The next thing to do is to reduce production of the anti-apoptotic proteins. This is a last line of defence against cancer that Nature has build into our cells. It is founded on the expectation that the right plant molecules are constantly arriving in our diet to trigger receptors.

For example the anti-apoptotic proteins cFlIP and XIAP are made using energy from the NOX receptor on the external membrane of cells. No molecules bind to the NOX receptor on normal cells. A cancer cell though converts 40% of the NOX receptors to a tumour form called tNOX. A number of plant molecules bind to tNOX, shutting off its energy supply for making anti-apoptotic proteins. This allows the pro-apoptotic proteins to overwhelm the anti-apoptotic proteins, and the cell dies.

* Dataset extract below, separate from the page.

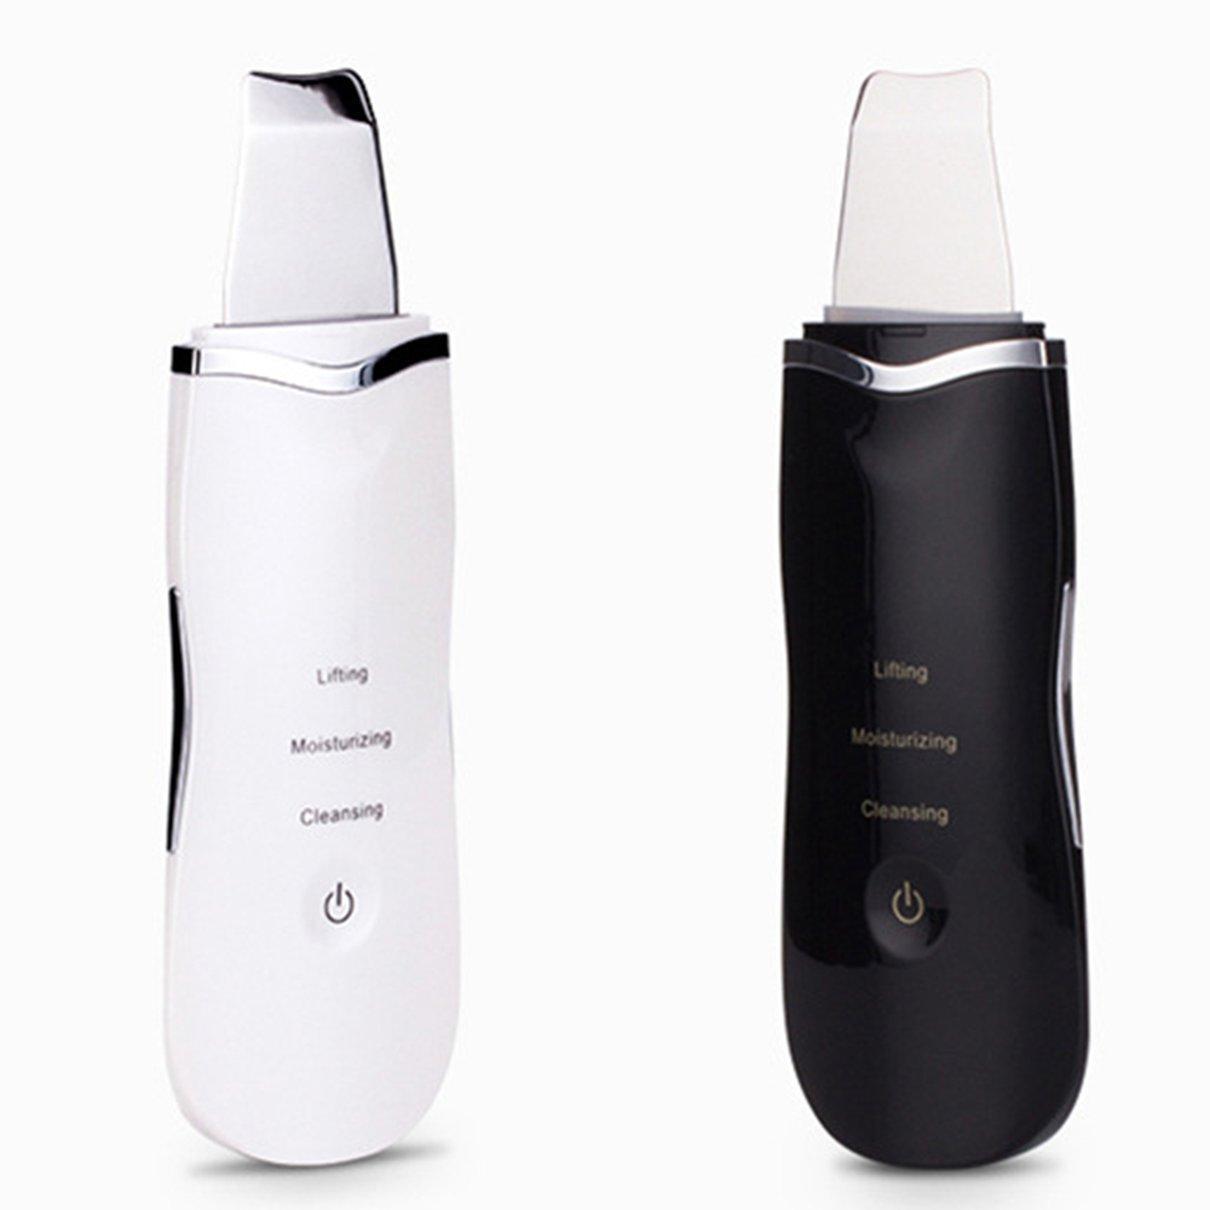 Ультразвуковой скрабер для чистки лица на аккумуляторе - фото 2

The reason why we have a high cancer incidence in Western countries is because we eat mostly comfort food which lacks the right sort of molecules. Thus, Vietnam has one fortieth our prostate cancer rate and Thailand has one sixth our breast cancer rate.  The difference in cancer rates is from diet, not genetics.

 

As with lung cancer, prostate and breast cancer are largely self-inflicted. And that is caused by what we don’t eat.

 

Breast cancer has a warm and fuzzy image in Australia and we are all told that it is a noble thing to fight breast cancer. But nobody is told that if they just changed their diet a bit, breast cancer could be nearly wiped out in Australia. From an anticancer effect, the best meals to have are Thai salad and Vietnamese salad.

I am not discouraging anyone from having chemotherapy. Chemotherapy works for a number of types of cancers. It is just a bit crude because it also affects normal cells that are dividing, thus the hair loss and nausea, and it has to be given at a dose just short of what kills you. It will be ever thus with chemotherapy.

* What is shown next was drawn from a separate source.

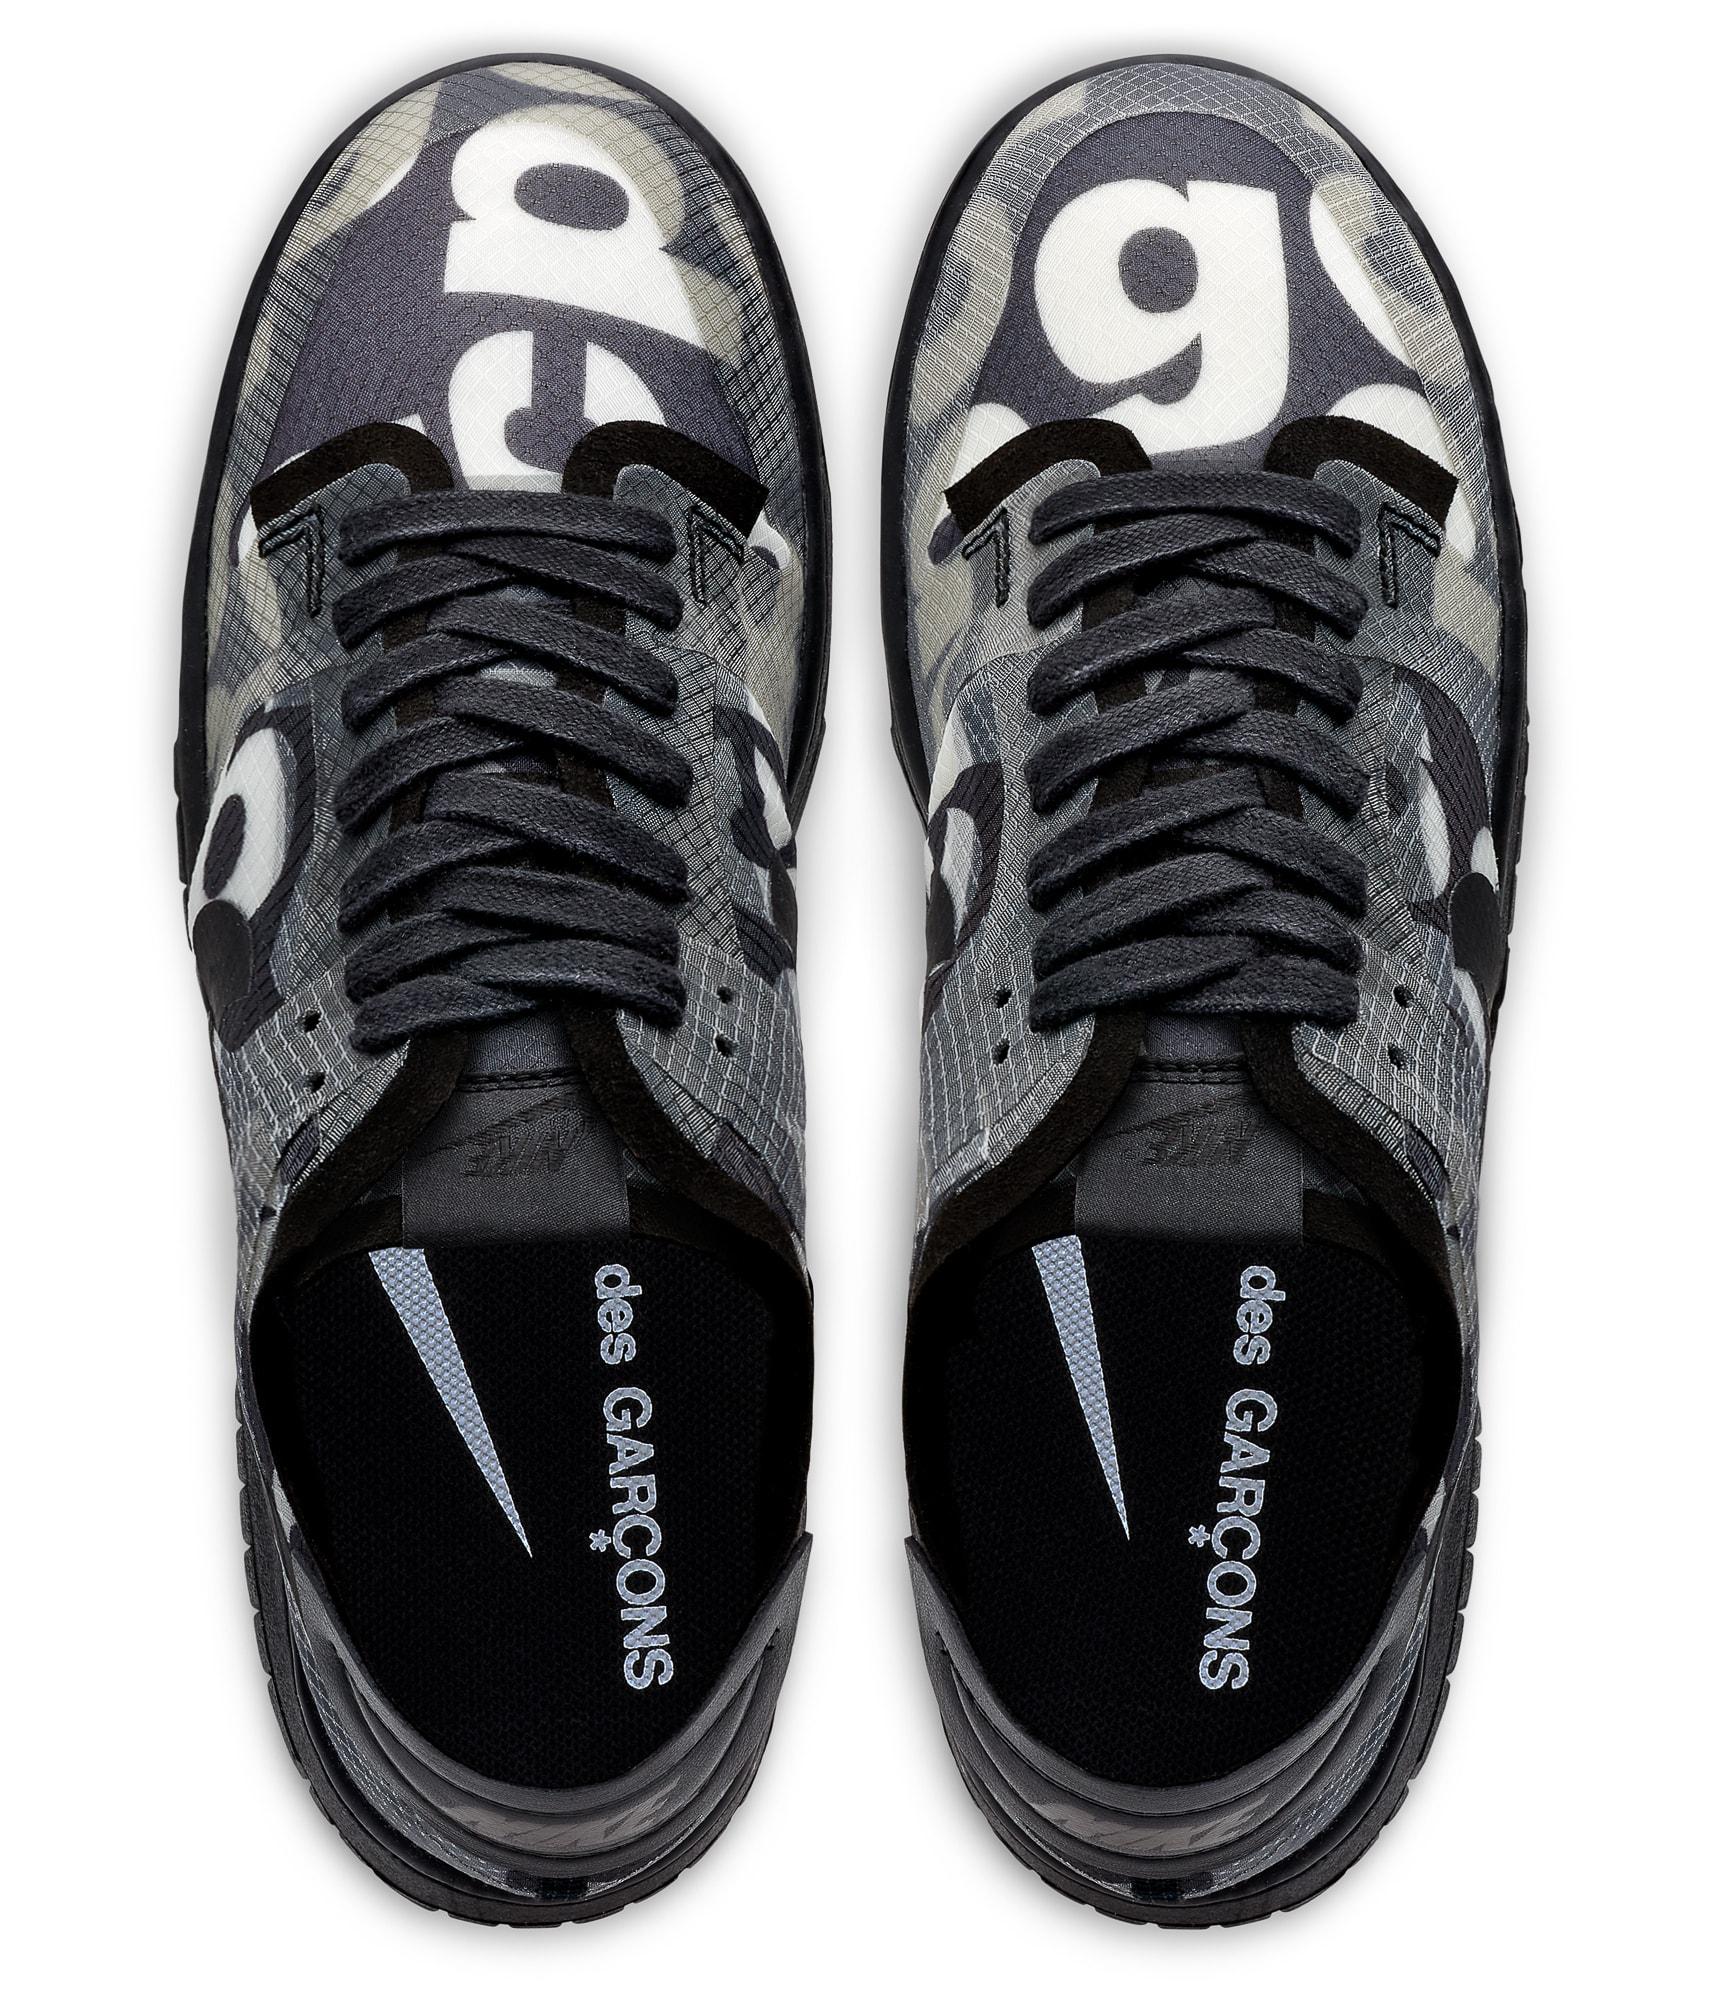 Comme Des Garcons x Nike Dunk Low Top

Chemotherapy would be made more effective if it was combined with the right molecules that reduce the over-production of anti-apoptotic proteins. There are plenty of lab experiments showing that the right plant molecules enhance the efficacy of chemo drugs. The right molecules change with each type of cancer.

Cancer treatment would be made more effective again if we did everything to maximise immune response. That includes vitamin D and Turkey Tail extract, and everything in between. Some types of cancer over-express vitamin D receptors, which help them tip over into apoptosis (programmed cell death), which is what they want to do. Some cancer types also over-express β-glucuronidase, which cleaves off the glucose molecule that has been added to plant molecules by the liver so they can be excreted by the kidneys. This allows the plant molecule to regain its activity within the cell and activate the receptors that are going to help kill the cancer. If the cancer cells are asking for all this stuff, we should help them along by providing it.

There is a lot of work still to be done in terms of optimising the combinations of molecules for each type of cancer. The path is clear thanks to the work on cancer that has been done over the last 30 years.

We have a tsunami of cancer cases coming from covid and we do need to make cancer treatment more effective.

 

David Archibald is the author of The Anticancer Garden in Australia.